¿Debemos hablar con los malos? La pregunta es incómoda porque supone que en alguna parte hay buenos y en otra malos; y que los periodistas tenemos poder o derecho para entregar esas patentes.

Pero no solo eso la hace incómoda. Por lo general ambas palabras se usan sin comillas, porque las comillas suponen relativizarlas y ese verbo no se puede usar cuando lo que queremos es contar una historia con un malo y con un bueno. Las comillas son demasiado matiz. Prueben escribir así: «Bueno»; «Malo».

Eso, en lo abstracto. Porque basta colocarle a cualquier historia un malo-malo para que la sola idea de los matices suene a traición. O, peor: a complicidad. Por poner un ejemplo extremo: el libro del argentino Ceferino Reato Disposición final: nada menos que la transcripción de veinte horas de conversaciones con ese genocida católico que se llama Jorge Rafael Videla, líder de la junta militar argentina de los setenta. En el prólogo, Reato reflexiona sobre por qué hablar con personajes como Videla. Cita a un periodista argentino que le aconseja: «Tenés que entrevistarlo todo lo que puedas y escribir un libro. Hay que entrevistar a todos. Si Hitler viviera y te diera una exclusiva, ¿no irías acaso? Y si se aparecieran el Diablo o Dios, ¿no sería el sueño de cualquier periodista hacerles aunque sea un par de preguntas?».

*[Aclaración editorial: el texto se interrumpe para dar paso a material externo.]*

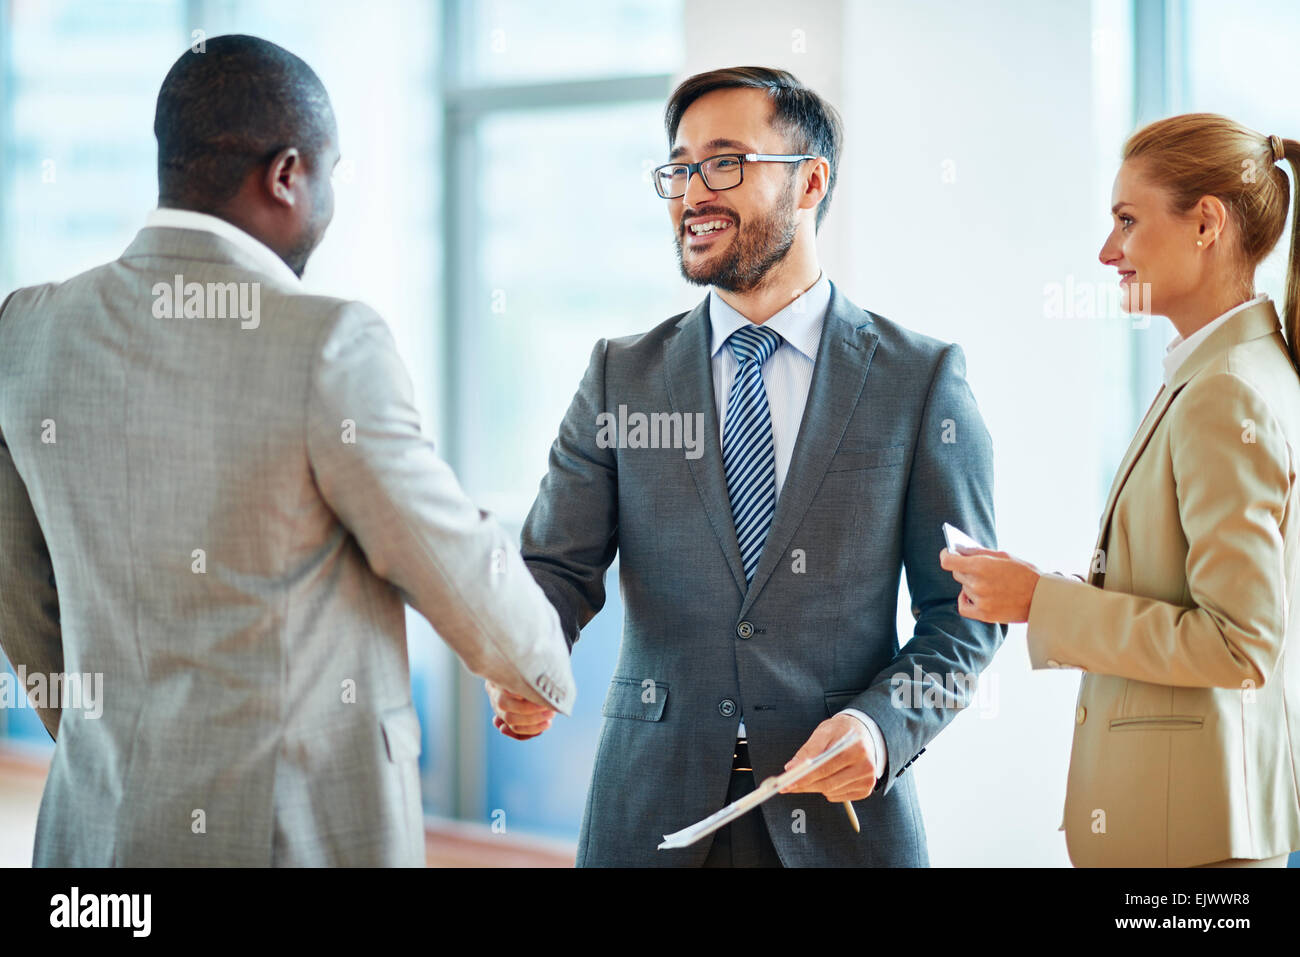 Felice di handshaking gli imprenditori dopo la sorprendente deal Foto Stock

Ese es un caso extremo. La mayor parte del tiempo nos debatimos entre malos que han quedado en la picota por un escándalo: financiero, sexual, político, deportivo, lo que sea; nuestros malos duran lo que dura el comentario del informe de una comisión investigadora de la Cámara de Diputados. Pocazo.

Los malos. No saco nada con decir que cambian según las épocas. Pero pongamos que estamos en los tiempos en que la sociedad norteamericana de los años treinta decidió que la marihuana era malvada. Y que los marihuaneros eran propensos al estupro, el asesinato y la violación. Y que eran mexicanos. Para qué hablar del opio. Los ingleses hicieron una guerra para poder comerciarlo en China; después, los estadounidenses lo prohibieron porque no podían prohibir a los chinos en sus ciudades.

¿Se podía llegar a saber qué pasaba con esas drogas sin hablar con los drogadictos? No. Tampoco hoy, que el tráfico en América Latina se convierte en guerra irregular. No se podría tampoco retratar la Alemania nazi sin sentarse un rato con el Führer o alguno de sus sicarios. Lean a William Shirer, que escribió metido en la boca del lobo.

Shirer. Buen ejemplo, porque hoy por hoy lo que a la mayoría de los lectores se le vendrá a la mente al hablar de mal y de malos es el poder. Quien se sienta a hablar con un poderoso participa de su mal. Casi por osmosis. Sea un malvado político o un abogado o un narcotraficante, que por lo menos hace las cosas más fáciles de contar: el tipo trafica.

Es un malo a secas.

¿Se puede escribir algo sin hablar con ellos? Imposible. Eso lo sabe cualquier periodista. El punto es el cómo. Con respeto, es un buen consejo. Pero eso es algo aplicable a cualquier entrevistado. ¿Qué puede hacerlo especial? No ir a jugar. Y eso será aplastarlos con preguntas, rociarlos con curiosidad real. Encontrar la historia humana entre la historia inhumana cuando viene el caso, como dice el periodista inglés Ioan Grillo en su libro Narco.

Un ejemplo que se me viene a la cabeza es la entrevista de John L. Spivak a Royal Scott Gulden en los años treinta. El primero, periodista de una revista de izquierda; el otro, pronazi y millonario. Debe ser de las mejores entrevistas hechas en el mundo. Obviamente no la voy a citar. Tarea para la casa.